Notes
2014-09-10
Here are my latest thoughts on compilers for low level languages
(I think C). I am a pretty big fan of the C language. What I like
with C is that when you write it and know your target platform you
have pretty good idea what the code generated will be. It is very
predictable. C was designed at a time where programs had to be very
simple, and this includes compilers. So C is trying to be as
expressive as possible while remaining very easy to compile.
It seems that this ideal is now slipping out of sight among
language users and compiler writers. Recently, a new family of
bugs has emerged, compilers exploit undefined behavior
as defined in the C standard to enable "optimizations".

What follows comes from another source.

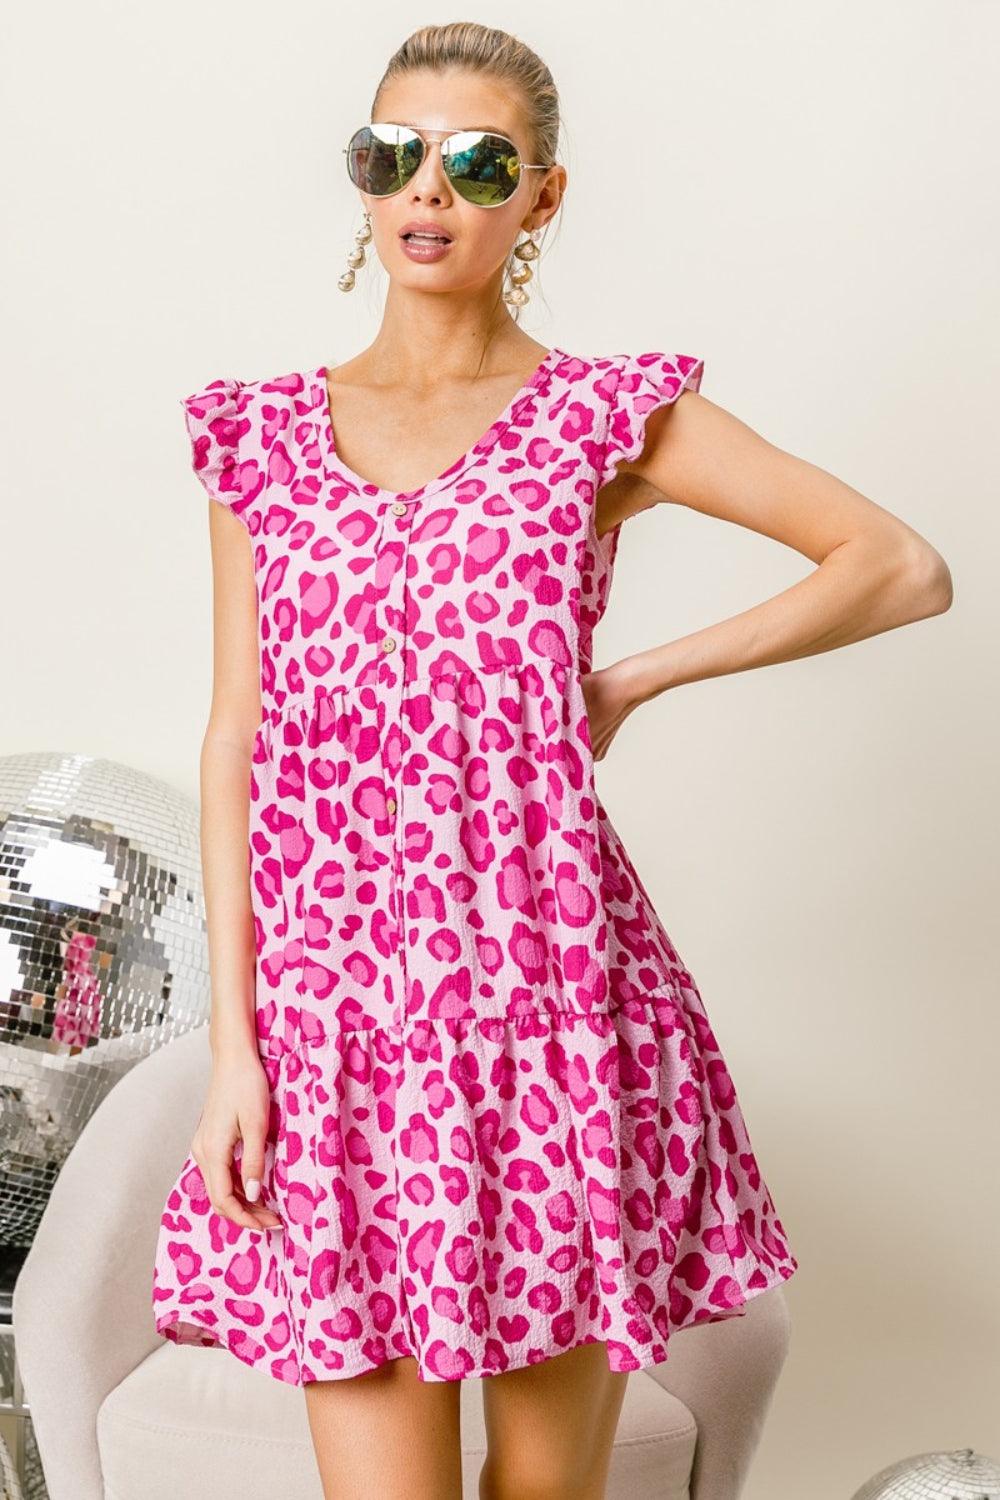 BiBi Leopard Cap Sleeve Tiered Mini Dress - AMIClubwear

This mail shows how GCC removes a check for overflow that has
undefined behavior without any warning. In the same vein,
this article describes a bug in the Linux kernel that was aggravated by
another undefined behavior based GCC optimization. Another recent article
tries to show how, in modern C, one should zero a piece
of memory. This problem is made hard by optimizing compilers
that know the semantics of memset and will
optimize it out if the it does not change the observational
behavior of C programs.
These different behaviors of compilers greatly impair the predictability,
and I think this is a real deal breaker for many people.
But why predictability is something important? Well, consider
the following function. If the compiler is predictable, the
memset call will be compiled down to assembly.
void f() {
char *p = malloc(512);
if (!p) return;
sensitivestuff(p);
memset(p, 0, 512);
free(p);
}
If only standard C is using this function, it is perfectly
fine to remove the memory clearing call to memset. But we are
not in a world where only well-behaved C calls C. This function
could very well be called by some malicious code that tries to
access back the memory just freed. In that case, not zeroing
the memory causes a security bug since sensitive information can
be accessed. So, "modern" compilers, when they do
their job, assume that all code is written in C and well behaved.
This is obviously not true in the real world, where abstraction
leaps exist and can be exploited.
The previous argument shows that predictability is essential
for security. Another important area where predictability is
important is performance evaluation. While basic optimizations
are critical, when C is used for embedded applications,
predictability of the compiler is usually preferred to crazy
compiler tricks. This is true for a simple reason, programmers
want to evaluate the cost of their programs at the C level
but what runs is the actual compiled code. These two abstraction
layers need to be related in some simple way for the analysis
on the high level to be relevant. Airbus, for example, uses
a custom GCC version with all optimizations disabled.
If I have to sum it up, I think simpler is better, and
compiler writers are taking a slippery path that could very
well lead their compilers to be unusable for many applications
where C used to shine. The focus is a lot more on a literal
and probably misguided interpretation of the standard than it
is on usability and relevance of compilers to today's
problems. And, to be honest, is any of the above
"optimizations" critical to any application that is not
a contrived benchmark?